On ROC analysis, the AUC for MLD for predicting significant FFR was 0.71 (95% CI, 0.65–0.76). A retrospectively determined MLD cut-off value of 1.1 mm had a sensitivity of 39%, specificity of 85%, PPV of 67% and NPV of 64% for predicting significant FFR (Table 2).
Full table
Accuracy of SFR, TR and PR on invasive QCA to predict FFR ≤0.8
On ROC analysis, SFR had an AUC of 0.76 (95% CI, 0.72–0.81) for predicting significant FFR (Figure 1). Based on a retrospectively determined cut-off value of 3.51 that optimized sensitivity and specificity for predicting significant FFR, the sensitivity, specificity, PPV and NPV were 56%, 81%, 70% and 71% respectively. Vessels with SFR <3.51 had lower FFR compared to those with SFR >3.51 (0.75±0.12 vs. 0.84±0.09, P<0.001). On analysis of left anterior descending artery (LAD) lesions alone the sensitivity, specificity, PPV and NPV were 56%, 86%, 80% and 66% respectively.
On ROC analysis, the AUC for PR for predicting significant FFR was 0.75 (95% CI, 0.70–0.80). A retrospectively determined PR cut-off value of 1.96 was associated with sensitivity, specificity, PPV and NPV of 46%, 83%, 68% and 67% respectively for predicting significant FFR.
On ROC analysis, the AUC for TR for predicting significant FFR was 0.69 (95% CI, 0.63–0.74). A retrospectively determined TR cut-off value of 2.1 was associated with sensitivity, specificity, PPV and NPV of 42%, 78%, 60% and 64% respectively for predicting significant FFR. Table 2 summarises the diagnostic accuracy of QCA parameters in predicting significant FFR.
The r value for correlation between FFR and SFR, PR and TR was 0.47 (P<0.001), −0.19 (P<0.001) and −0.13 (P=0.008), respectively.
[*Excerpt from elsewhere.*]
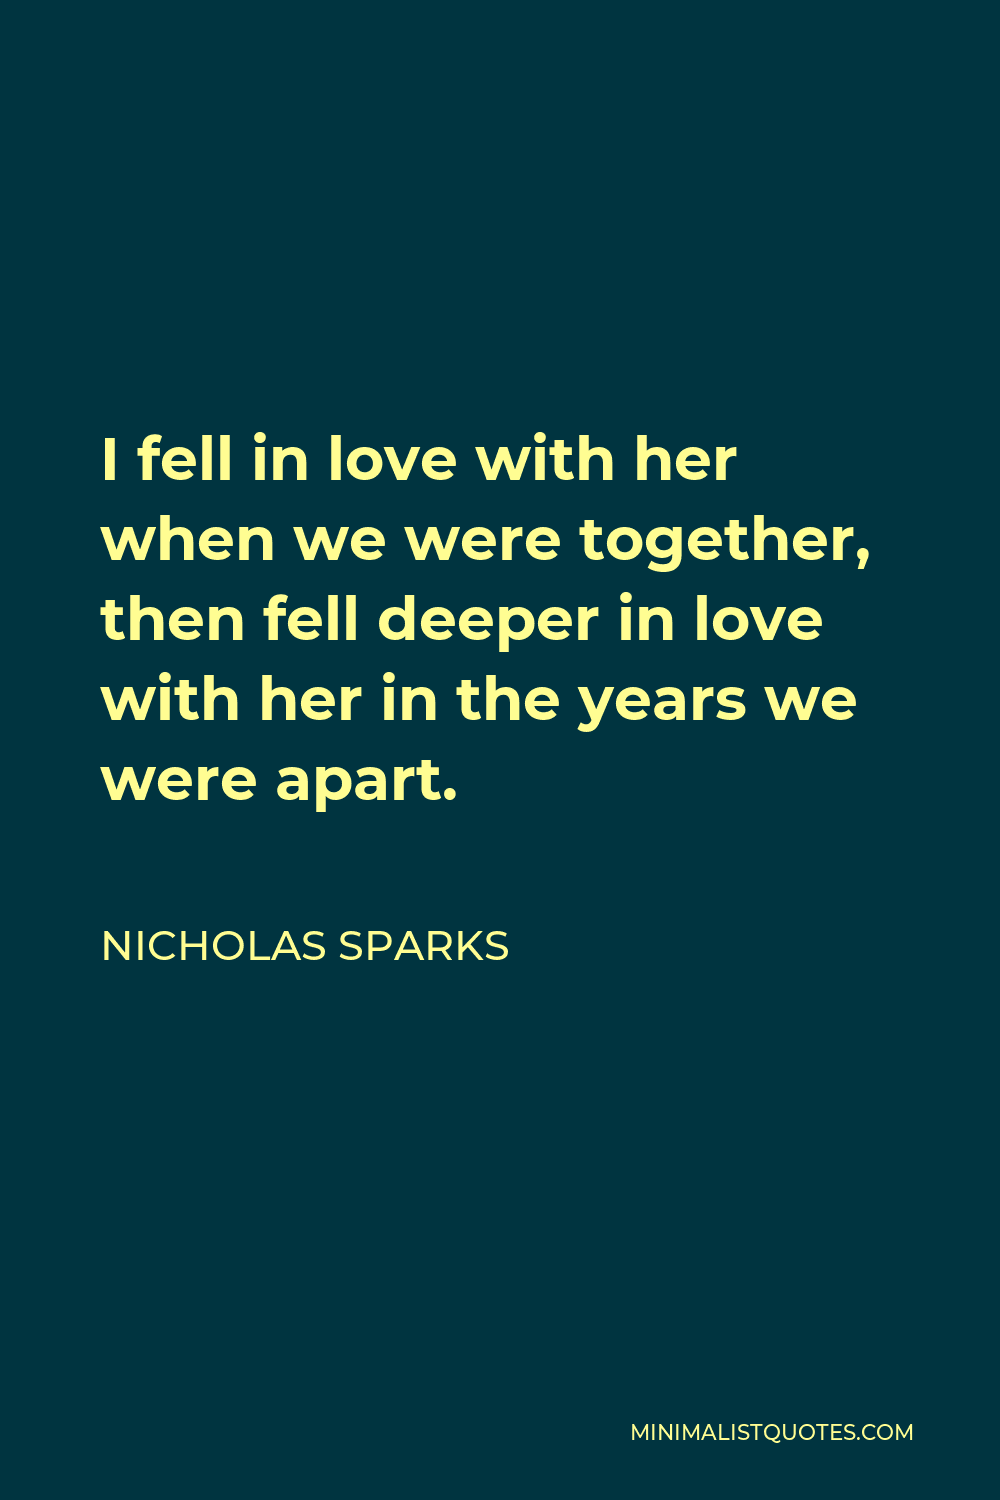 Nicholas Sparks Quote - I fell in love with her when we were together, then fell deeper in love with her in the years we were apart.

Figure 2 plots SFR with regards to percent DS for the 415 vessels analysed. This demonstrates both the distribution of severity of vessel stenosis by these two measures and the expected negative correlation.
Diagnostic accuracy of SFR compared to DS >50% for predicting significant FFR
By comparison of ROC, SFR (AUC =0.76) is superior to DS >50% (AUC =0.65) for predicting significant FFR (P<0.001). Based on net reclassification index (NRI) analysis, there is incremental predictive value when SFR is added to DS >50% for predicting significant FFR (NRI =0.75, P<0.001). On comparison of ROC curves using the De Long method, SFR was superior compared to DS >50% for predicting significant FFR (P=0.02). Based on IDI index there is also incremental predictive value (IDI =0.103, P<0.001).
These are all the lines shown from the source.